Wednesday, September 25, 2013

Pumpkin Coffee Cake with Brown Butter Icing

Pumpkin Coffee Cake with Brown Butter Icing - made September 13, 2013 from Cooking Morning Noon Night

I really hate when a recipe fails on me.  The only thing I hate more is blogging about it.  It's so tempting to just put up the stuff that worked, especially when I still have a backlog of good posts to put up.  I know some bloggers only put their successes up so their blog is a consistent source of amazing recipes. I respect that. But I'm honest to a fault and when I first started my blog, it was about my "baking odyssey", good and bad, not "only the stuff that turned out". And I've always maintained I learn as much, if not more, from my failures than my successes so I can't not put up the stuff that didn't turn out.

I pinned this cake to my pinboard last year but I was waiting for fall to arrive before I started baking pumpkin desserts. Without any input or encouragement on my part, 2013 decided to whip on by and sure enough, now it's fall, just like that.  So time to try out this recipe.  The directions suggest this cake can be made in a 8 x 11" pan which translates into 88 square inches so I thought it would be "close enough" if I used a 9 x 9" pan or 81 square inches.  Ha.  Wrong. Actually I think I would've been okay even though the cake baked up to a greater thickness than I anticipated except for the streusel.  The darn streusel that makes a good coffee cake but also needs less baking time than an overly thick cake.  I let the cake bake as long as I dared before the streusel started to protest that it was on the verge of burning.  Then I took it out and hoped for the best.  Let it cool, made the brown butter glaze, iced the cake, and tried a piece.
Sadly, the cake was underdone.
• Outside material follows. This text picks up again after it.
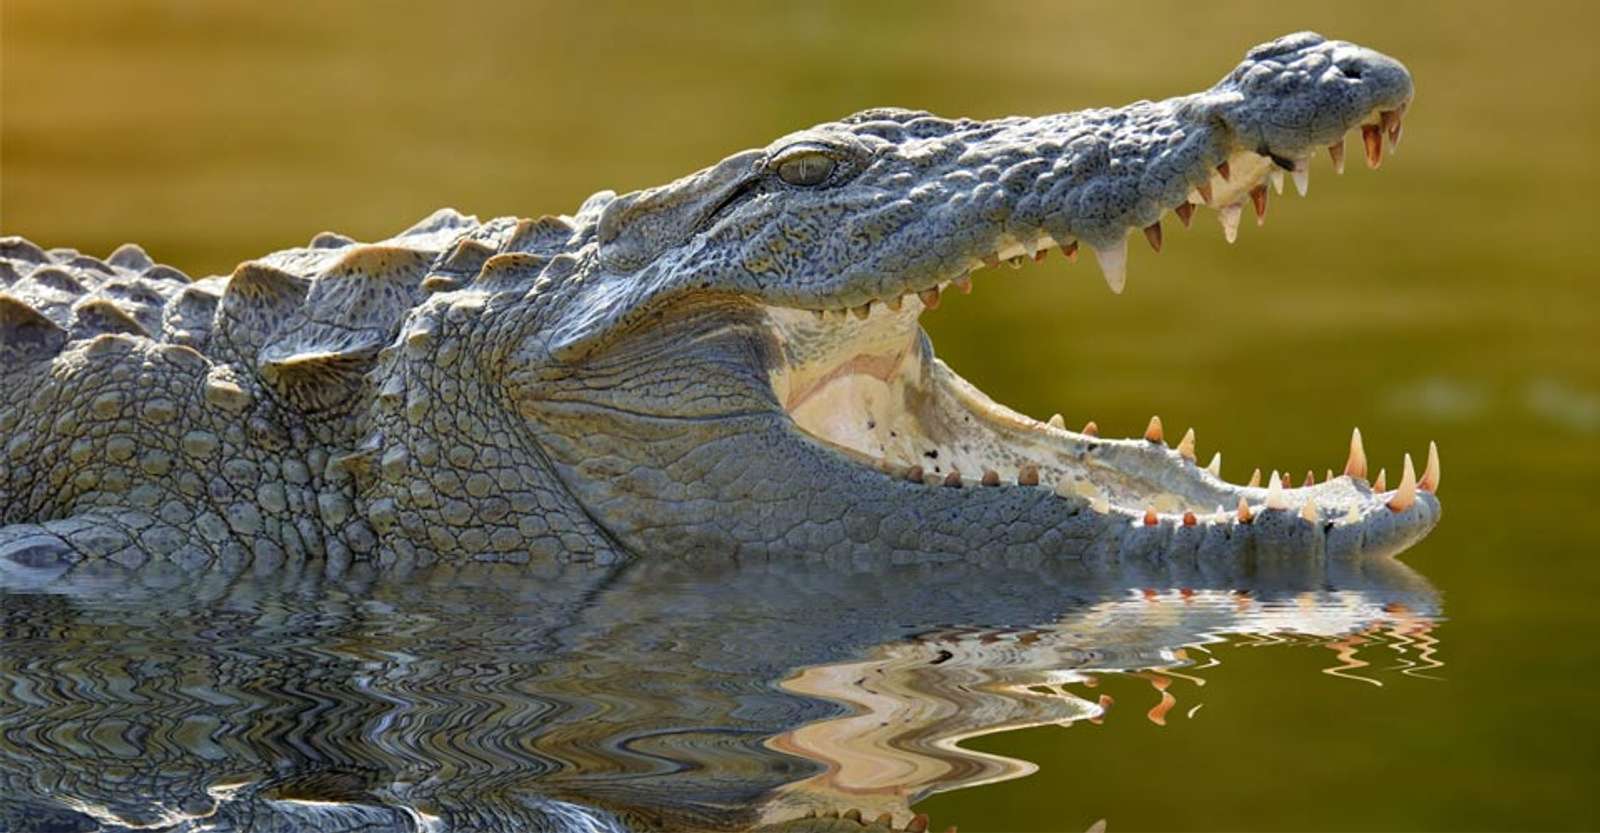 Mugger crocodile, Yala National Park, Sri Lanka.
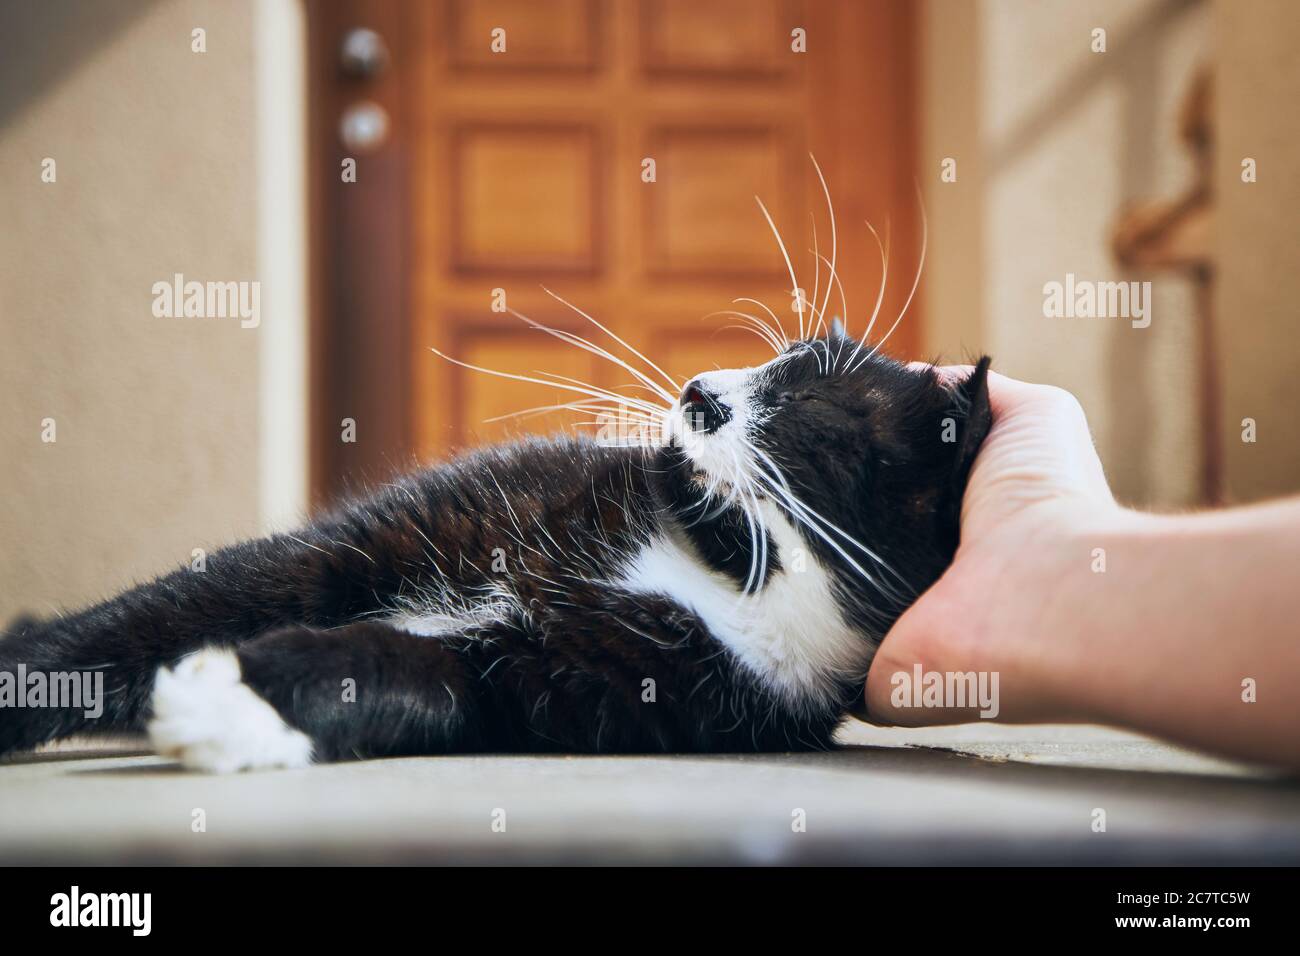 Häusliches Leben mit Haustier. Hand des Mannes streichelte Katze vor dem Haus. Stockfoto

You can tell just by the picture because that bottom layer is very dense and even looks raw. It didn't even taste that good either, probably because it wasn't baked properly, was too heavy and dense and the flavor didn't impress.  I need to try it again and this time, bake it in at least a 10 x 10 or even a 9 x 13" pan.  It might make for a thinner cake but at least  the cake has a fighting chance of baking long enough before the streusel gives a kick and says "Take me outta here, I'm done." Lesson learned - when baking something with a topping, don't bake the cake in too small of a pan or it won't have time to bake before the topping burns. It sounds obvious now but is clearly one of those things I had to learn the hard way as a reminder. On the plus side, the brown butter icing and the streusel were good.

For the Coffee Cake:
1/2 cup butter, softened
1 1/2 cups sugar
15 oz can pumpkin
3 large eggs
2 1/2 cups all-purpose flour
2 teaspoons baking powder
1 Tablespoon cinnamon
1 1/2 teaspoons ground ginger
1/2 teaspoon salt
1/2 teaspoon pumpkin pie spice

Streusel:
1/2 cup flour
1/2 cup sugar
1/2 cup light brown sugar, packed
1 teaspoon cinnamon
4 Tablespoons butter, melted
2/3 cup chopped walnuts

Preheat your oven to 350 degrees. Grease the inside of a tube pan, bundt pan,  8x11 baking dish or 2 8 inch pie pans (the choice is yours!)
In your stand mixer, combine the butter and sugar on medium speed until fluffy and light in color. Add the pumpkin and eggs and mix thoroughly. In a medium bowl, combine the flour, baking powder, cinnamon and spices. Add the flour mixture to the pumpkin mixture and mix on low speed, then medium speed until combined. Pour the batter into your prepared pan.
Combine the Streusel ingredients in a medium bowl and sprinkle over the cake batter.
Bake the cake for 50-55 minutes or until a toothpick inserted comes out clean.
Cool completely before frosting.

Brown butter icing:
1 1/2 Tablespoons butter
1 1/2 cups powdered sugar
whole milk

Place your butter in a microwave safe bowl and melt until browned and fragrant (about 3-4 minutes). Check the butter often. Pour the butter into the powdered sugar and combine with a whisk. Add just enough milk, starting with one tablespoon at a time until you have a pour-able icing.

Drizzle over the cooled cake

2 comments:

  1. Thank you for posting this! I love to read about recipe "fails." It helps me learn what works and what doesn't. NO ONE likes to spend time, money, and energy on a recipe that does not come out right. I wish more blogs were like yours.